Work task – Copy only the lines from the one containing "Lumeno MobiMist 7m" through the final line of the records below, exactly as written, with no pictures.

[[ Exercise inputs, beginning ]]

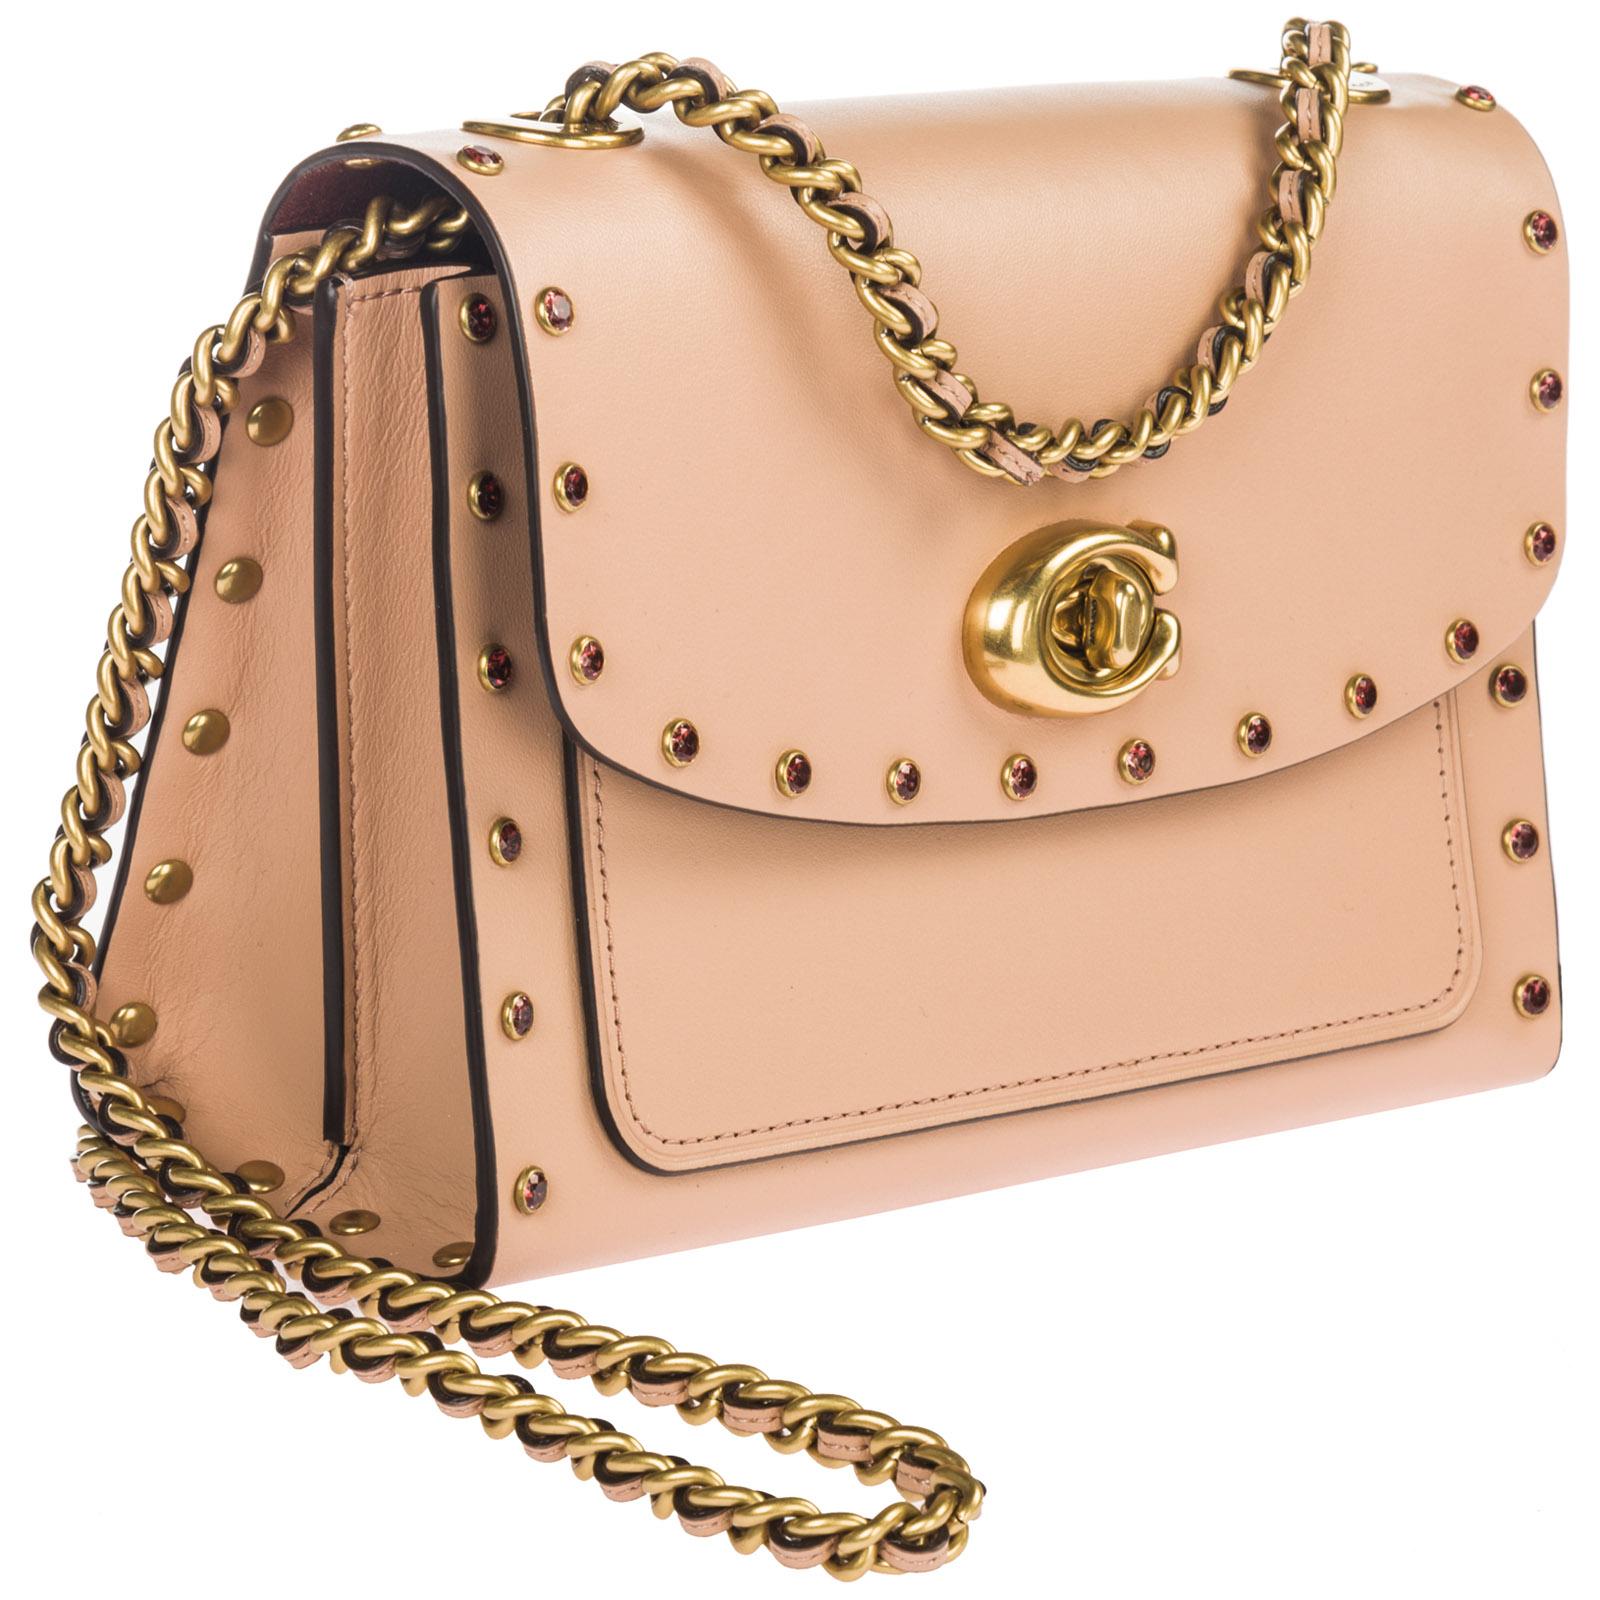 483ac9e1883e ... Women s leather cross-body messenger shoulder bag parker 18 ...
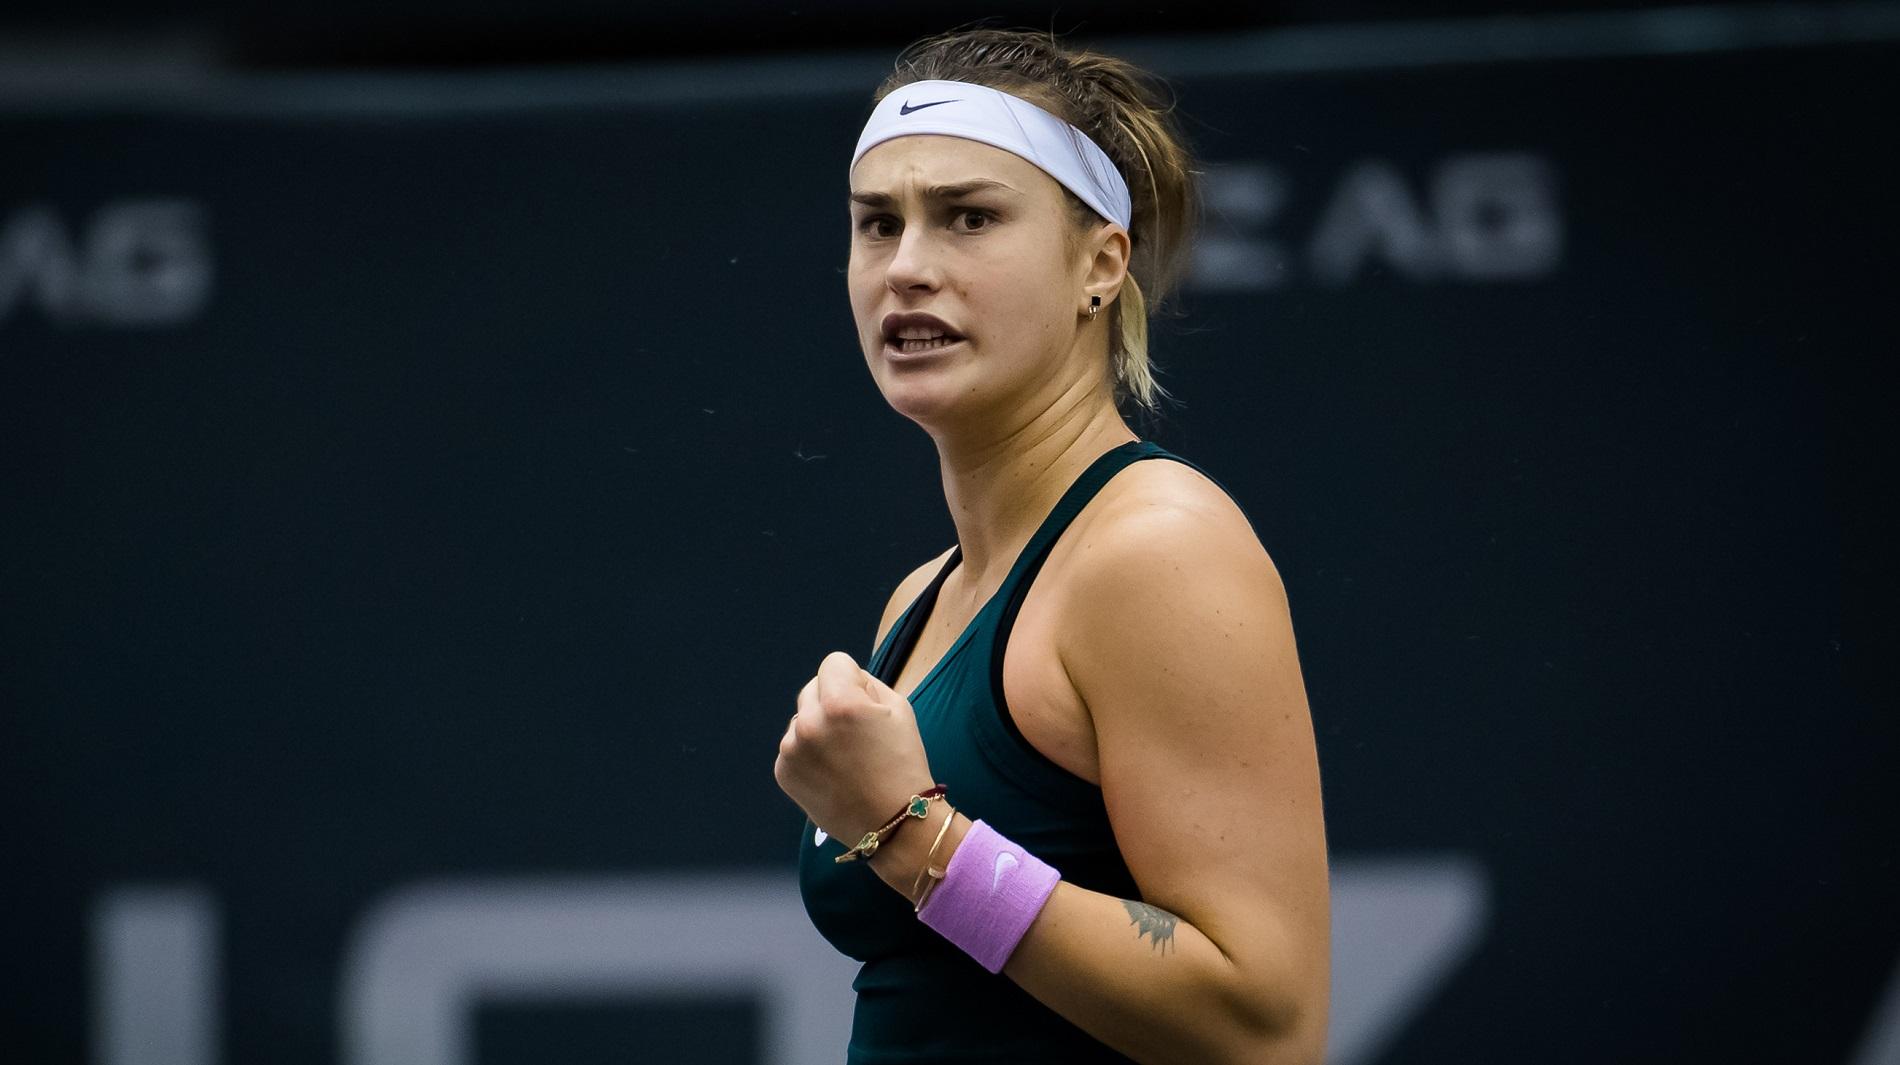 TENNIS : 2020 Upper Linz WTA International tennis tournament Autriche - 14/11/2020
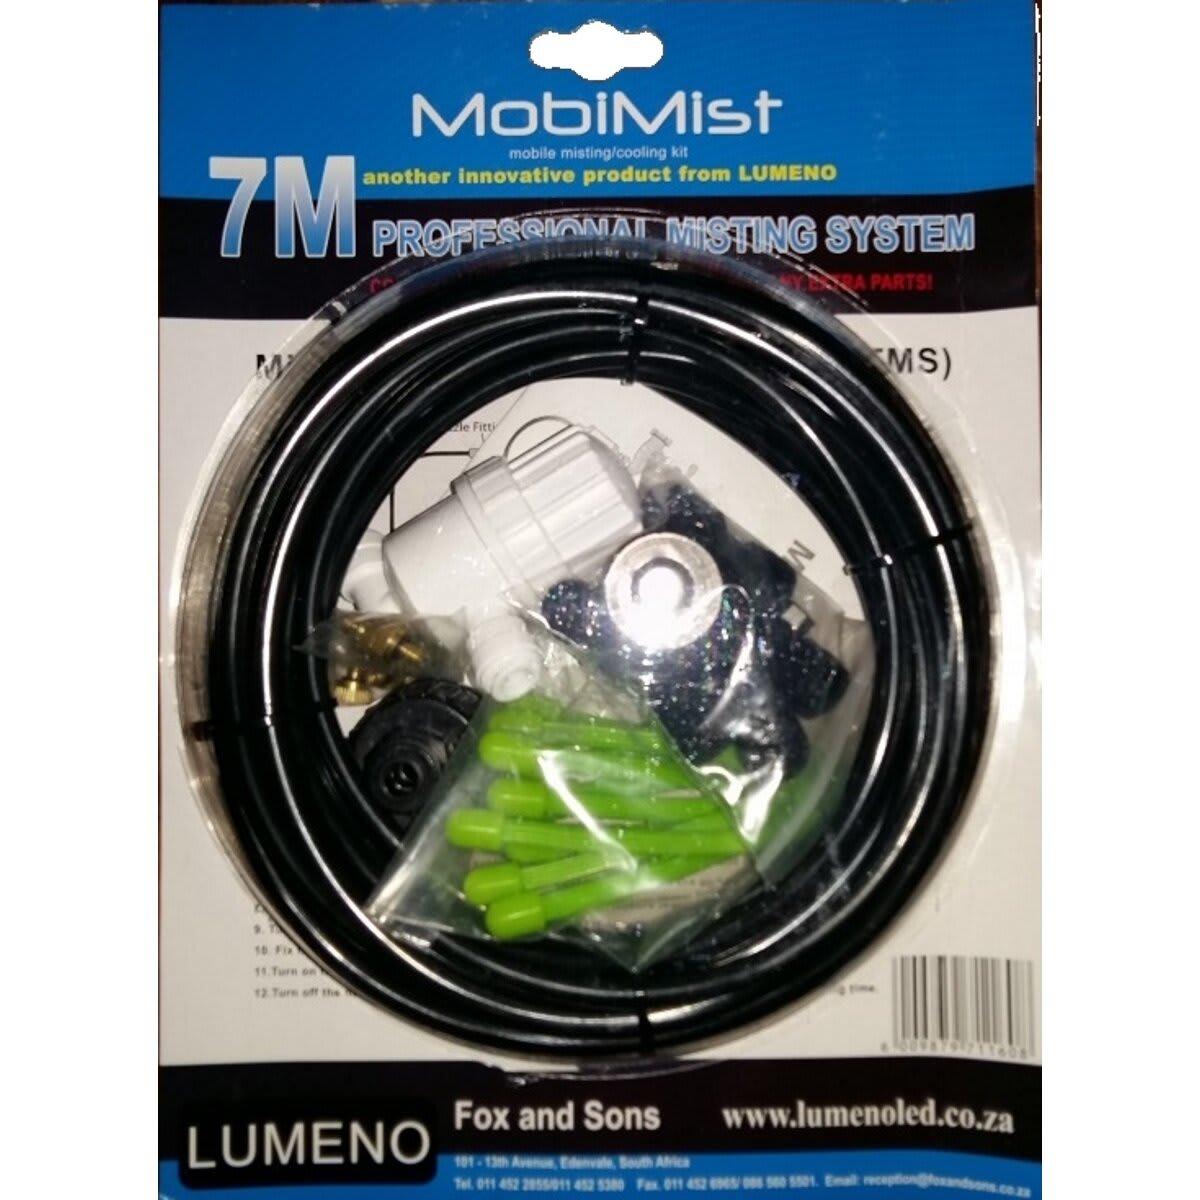 Lumeno MobiMist 7m Mobile Misting/Cooling Kit
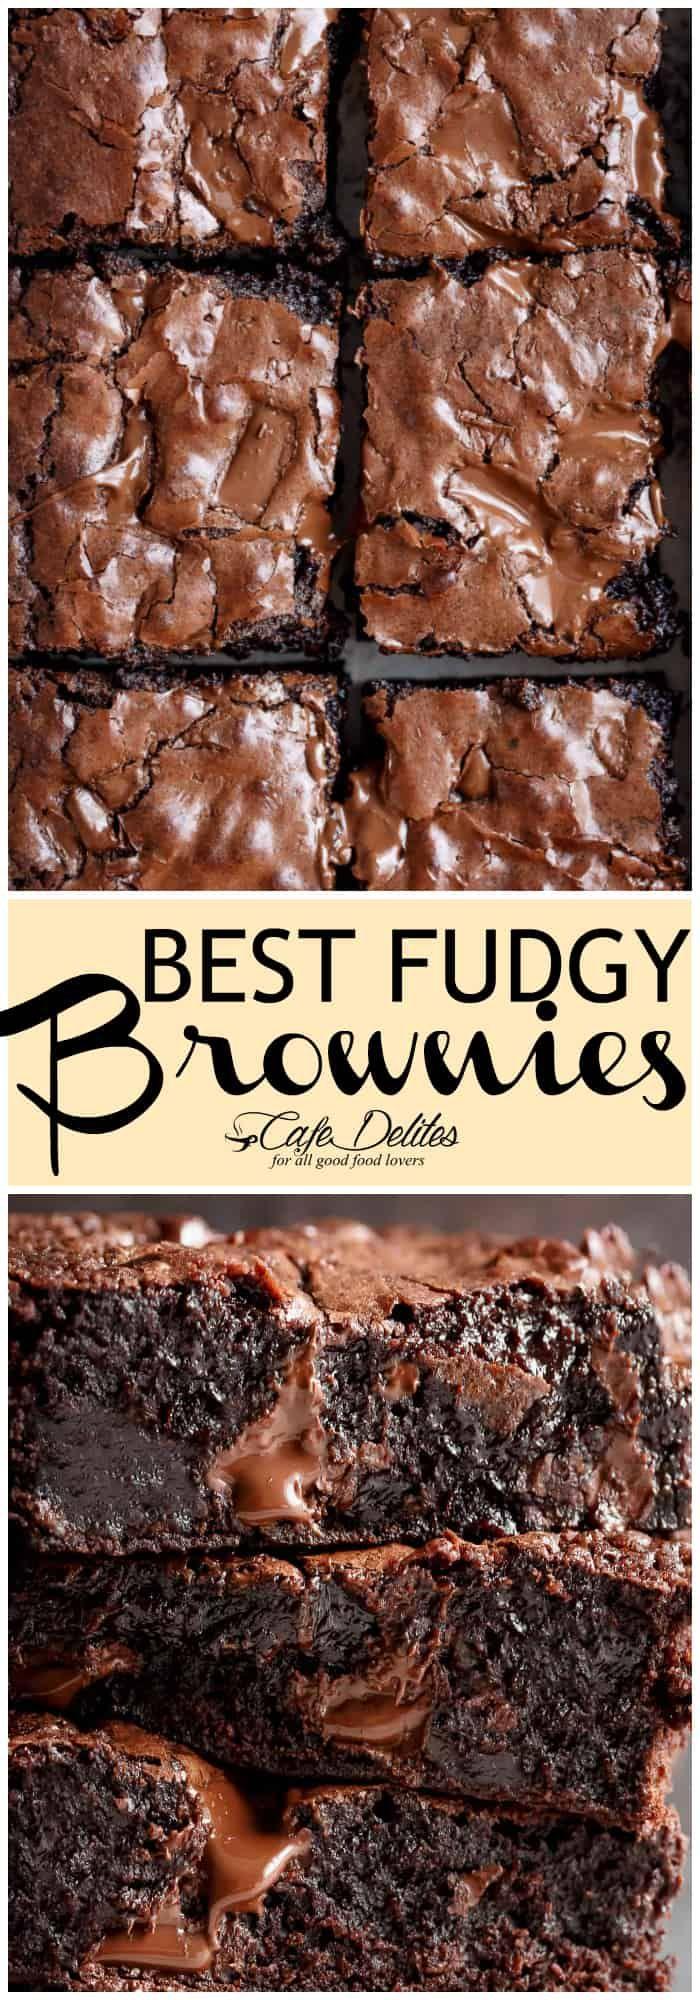 Worlds Best Fudgiest Brownies - Cafe Delites
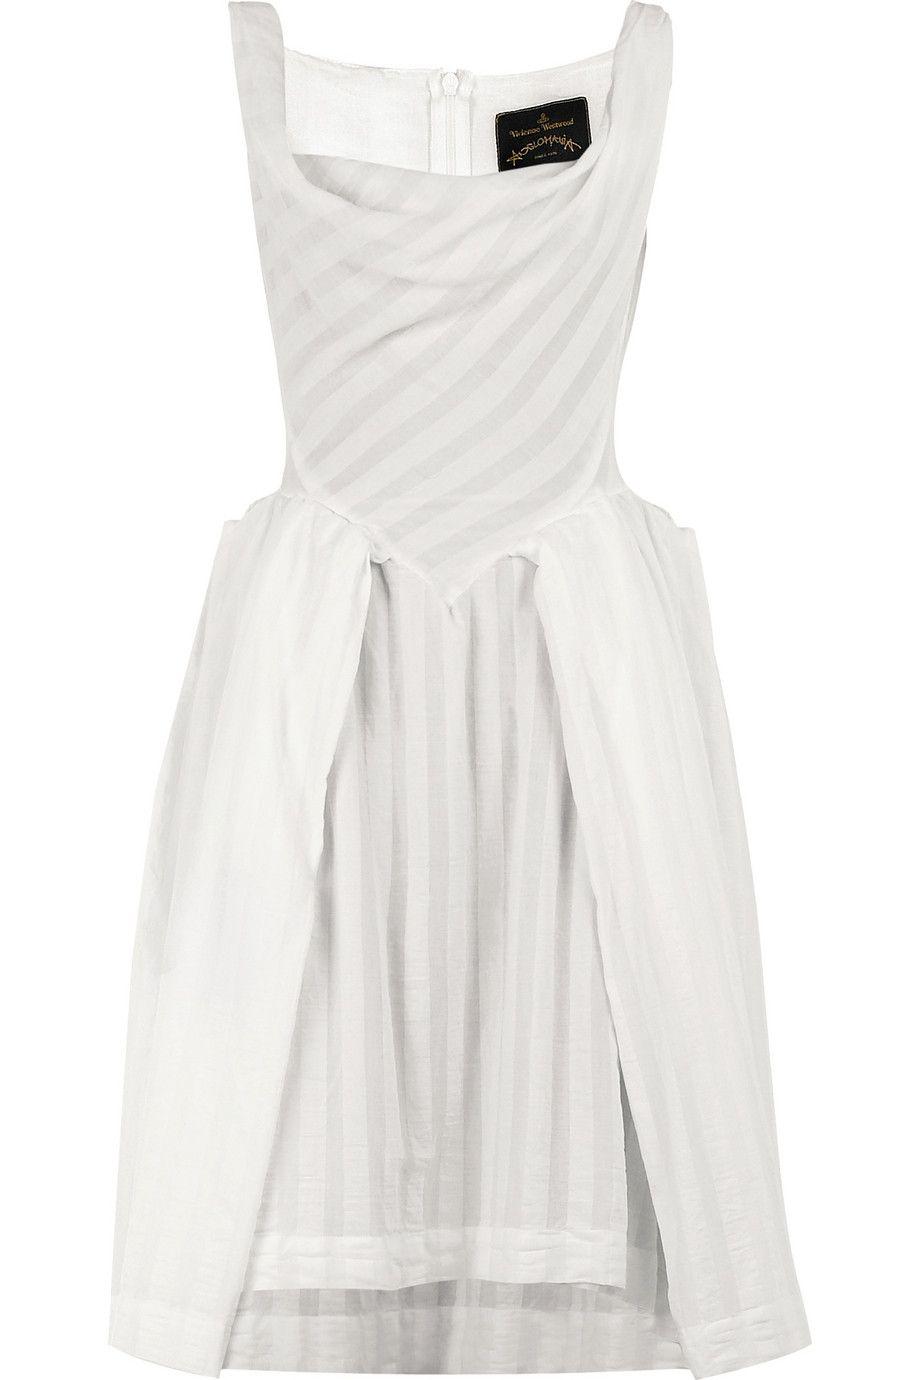 Vivienne Westwood Anglomania - Sunday Dress | Wedding Dresses ...

[[ Exercise inputs, end ]]

The answer –
 Lumeno MobiMist 7m Mobile Misting/Cooling Kit
 Worlds Best Fudgiest Brownies - Cafe Delites
 Vivienne Westwood Anglomania - Sunday Dress | Wedding Dresses ...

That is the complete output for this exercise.